If you were paying for Plus, make sure you finish reconstructing from the Rubik scramble before you downgrade from Plus, since the native CL feature goes away on downgrade and you wouldn’t want a non-native scrambled Rubik cube.

Gotchas

  • Parent products. Native CL creates parent products that you may need to unpublish or delete after migration. Don’t delete them until Rubik is verified.
  • URL changes. If customers bookmarked the parent product URL, redirect it to one of the child products in Shopify’s URL redirects.
  • Downgrading from Plus. Finish migration first. Verify. Then downgrade. Don’t do it in the other order.
  • Theme template edits. If your theme has native variant picker code hardcoded, you may need to remove that block in theme customizer.

Watch the tutorial

https://www.youtube.com/watch?v=ZbfywqX4jRA

See the live demo store, watch the tutorial video, or read the getting started guide.

FAQ

Does Rubik work without Shopify Plus?

Yes. Rubik supports every Shopify plan including Free at $0/mo (supports 5 stores).

What happens to my native parent products?

Rubik does not need these, you can either unpublish or delete them after migration. It’s also a good idea to add 301 redirects to the old parent URLs in case of broken bookmarks or links.

Can I downgrade from Plus after migrating?

Yes. Rubik is working around the clock. Try to complete migration and verification before you rollback.

Is customization really better?

Rubik offers exposure to 70+ CSS variables for numerous per-group visual settings, including settings for options like images swatches, color swatches, standard buttons, and dropdown buttons.

Does Rubik handle out-of-stock products?

Yes.
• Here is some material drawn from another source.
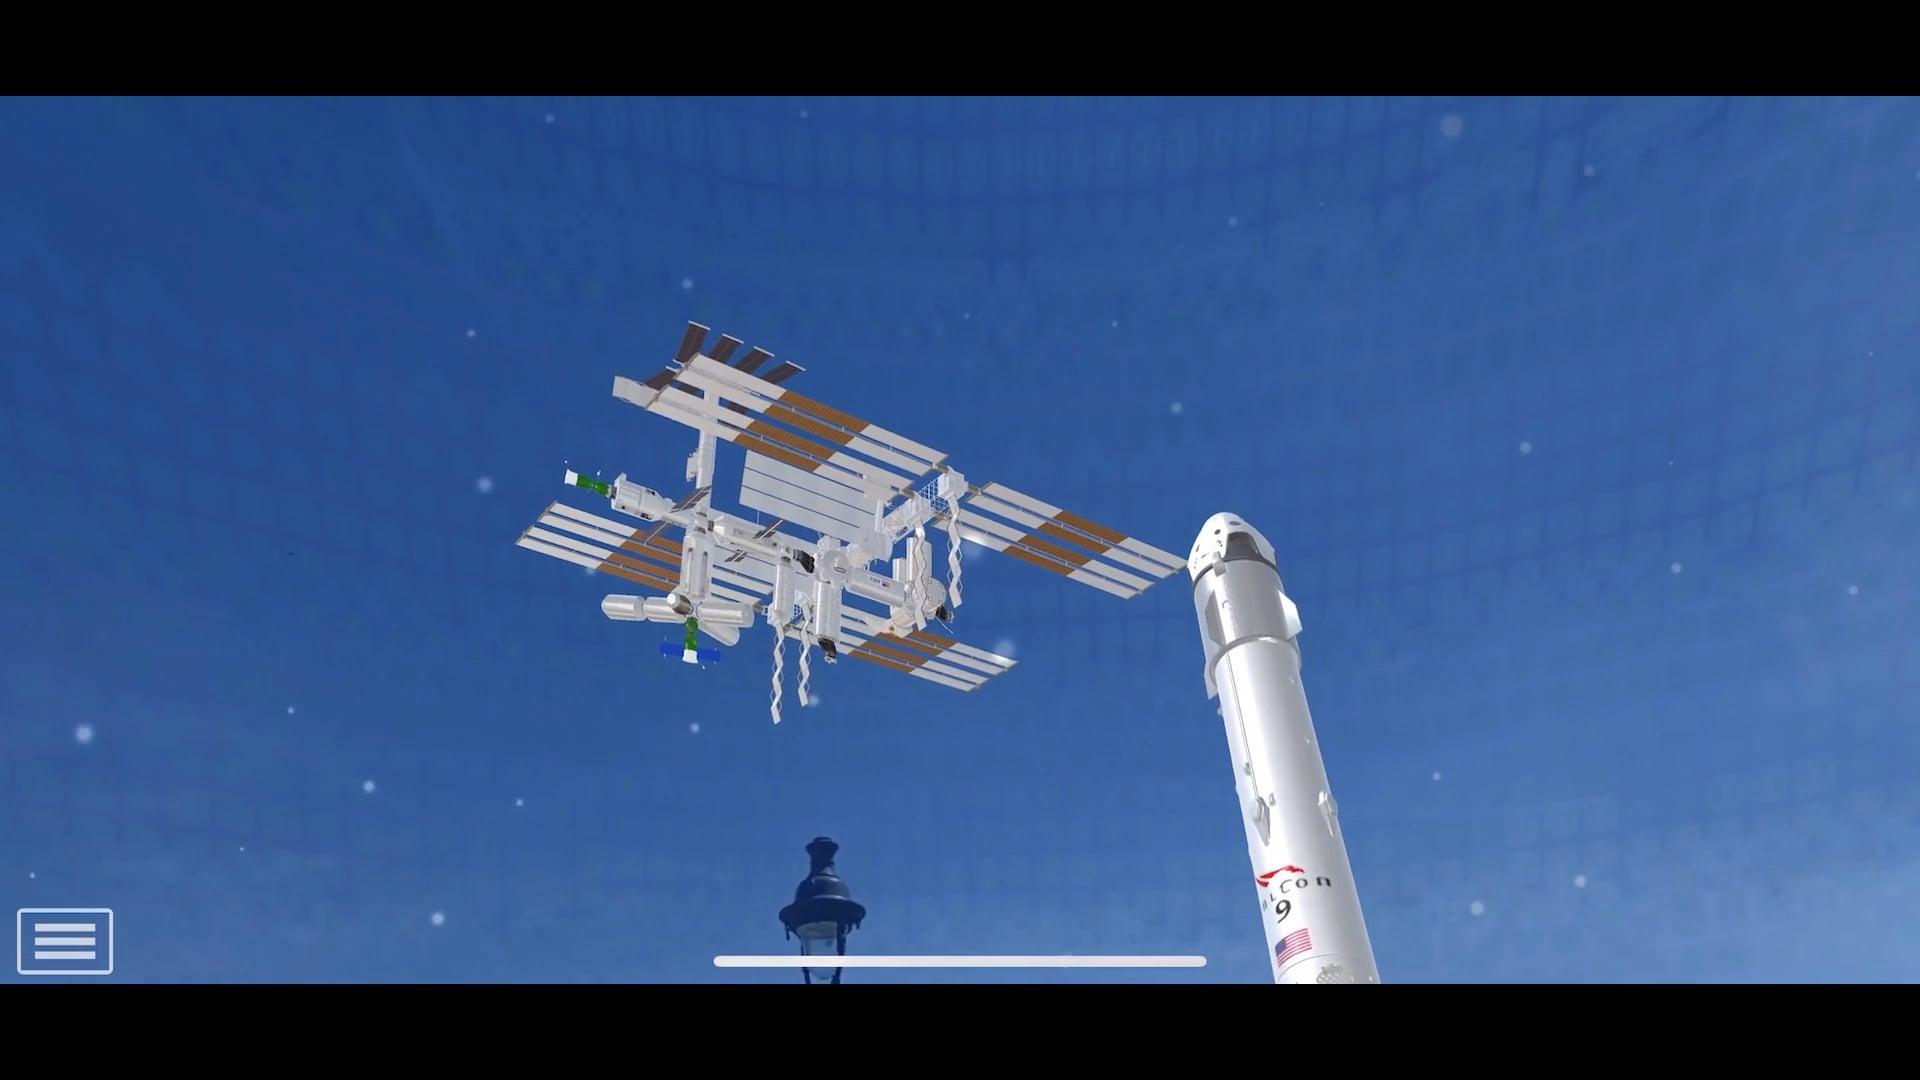 AR_SPACEX_Bemersive

OOPS is implemented in real time by referencing the meta object as you work. You can choose to have out of sync swatches appear as Dimmed, Greyed or St StrikeThrough.

Will my SEO be affected?

If you direct the old parent URL correctly to the new location, no. See the canonical and hreflang guide.

How long does the migration take?

An hour to a few hours depending on the size of your product catalog. This is significantly faster to do with AI Magic Fill.